Basic problem.
The pyramid is built from sedimentary rock and upon sedimentary rock that was laid down by the global flood.
So unless you believe the eruptions had a time machine they built the pyramid after the flood.
Meaning there is a problem with secular dating and of biblical understanding.
Here is another dating method.
Current estimates for the construction of the pyramids, based on surviving lists of the pharaohs, are believed to be accurate to within about 100 years.
But Cambridge University Egyptologist Kate Spence says that by analyzing the relative position of Earth and two stars, she has dated the construction of the Great Pyramid at Giza — one of the Seven Wonders of the Ancient World — to within five years of 2478 B.C.

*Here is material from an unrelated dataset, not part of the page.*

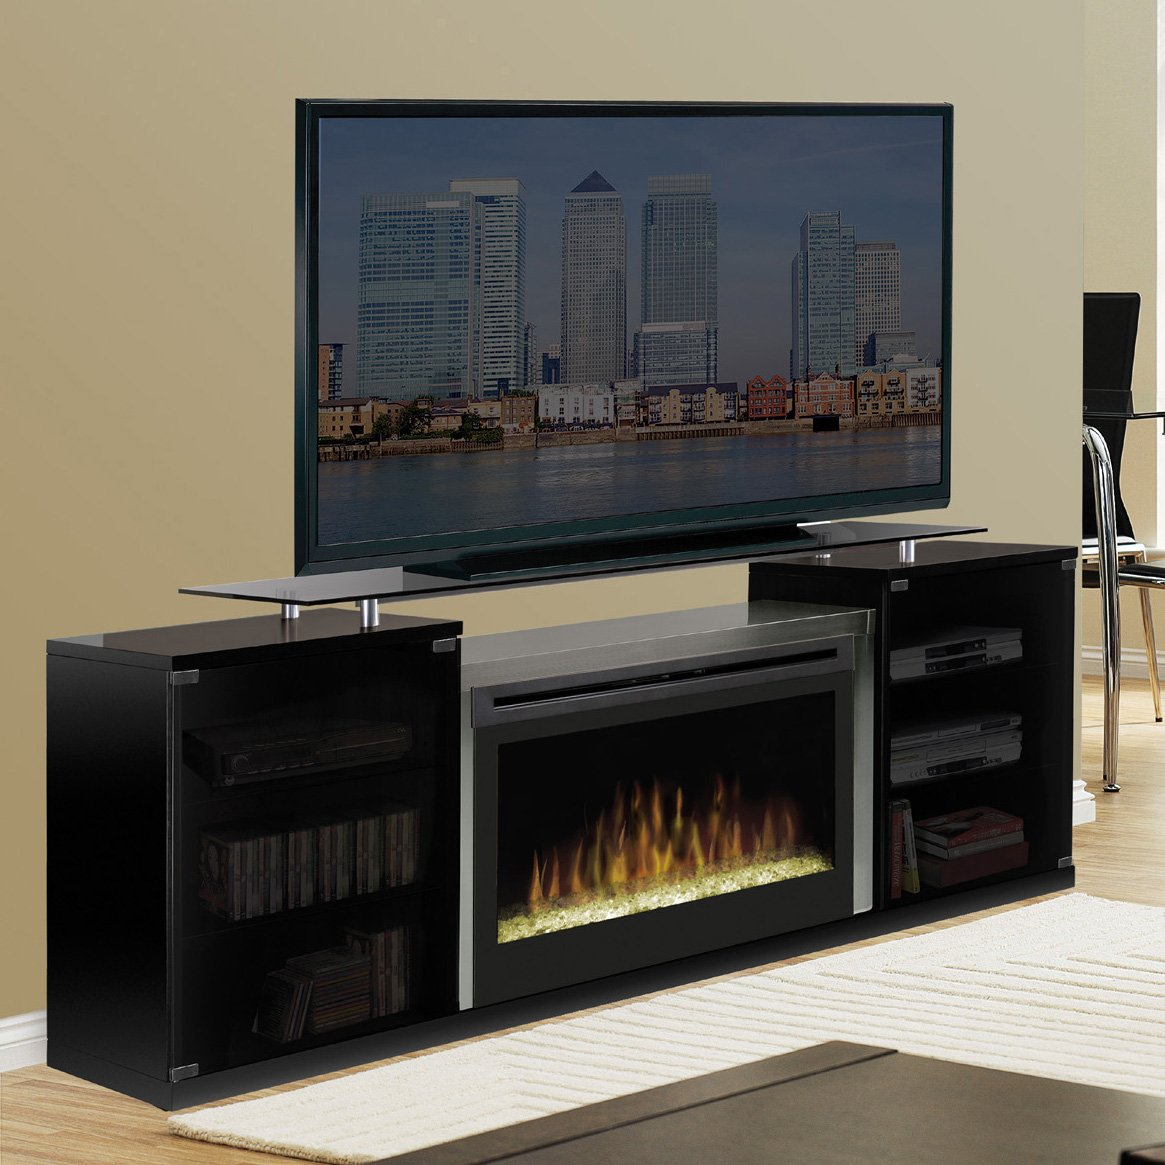 Electric Hot Tubs Fireplaces Patio Furniture Heat 39 N Sweep Okemos Michigan

That means the Great Pyramid is 4,478 years old — or 75 years older than one commonly accepted estimate.
Arranged by the Stars
Her estimate comes from her proposed solution to another mystery: How did the ancient Egyptians align their pyramids so that two sides ran so precisely north-south?
She suggests that they used a pair of stars found in the Little and Big Dippers.
But because Earth wobbles on its axis, those two stars would have given different indications for “north” over the centuries. So by calculating when that pair of stars would have been in a northern alignment, Spence says she can figure out when the pyramids were built.
In Thursday’s issue of the journal Nature, Spence says the two-star method could explain the various degrees of inaccuracy in the orientation of pyramids built at different times.
Today’s north star, Polaris, was in the wrong position in those days to help the pyramid builders. Spence instead employs the stars Mizar, found in the Big Dipper’s handle, and Kochab, in the bowl of the Little Dipper.
When the pyramids were built, these stars circled nightly around a point over the North Pole. So, when one star appeared directly over the other, the Egyptians could have used a plumb line to find north, Spence says.
Pointing North
It’s not clear whether the Egyptians really did that, but “the technique she argues for seems very reasonable” and deserves further study, says Edwin Krupp, director of the Griffith Observatory in Los Angeles. The paper could provide “several pieces of a very intriguing puzzle.”
The ancient Egyptians aligned their pyramids and temples to the north because they believed their pharaohs became stars in the northern sky after they died. Aligning the pyramids, in which the pharaohs were buried, was believed to give the deceased direct access to the northern sky.
Betsy Bryan, a professor of Egyptology and the chairwoman of the department of Near Eastern studies at Johns Hopkins University in Baltimore, says Spence’s method seems reasonable, and if it proves to be correct, will further refine the timetable of ancient Egypt.
“That’s important because there have been arguments made that the pyramids and the Sphinx were built thousands and thousands of years earlier than that,” Bryan says. “This is yet another piece of evidence that our view that these are monuments that belong to the middle of the third millennium is right.”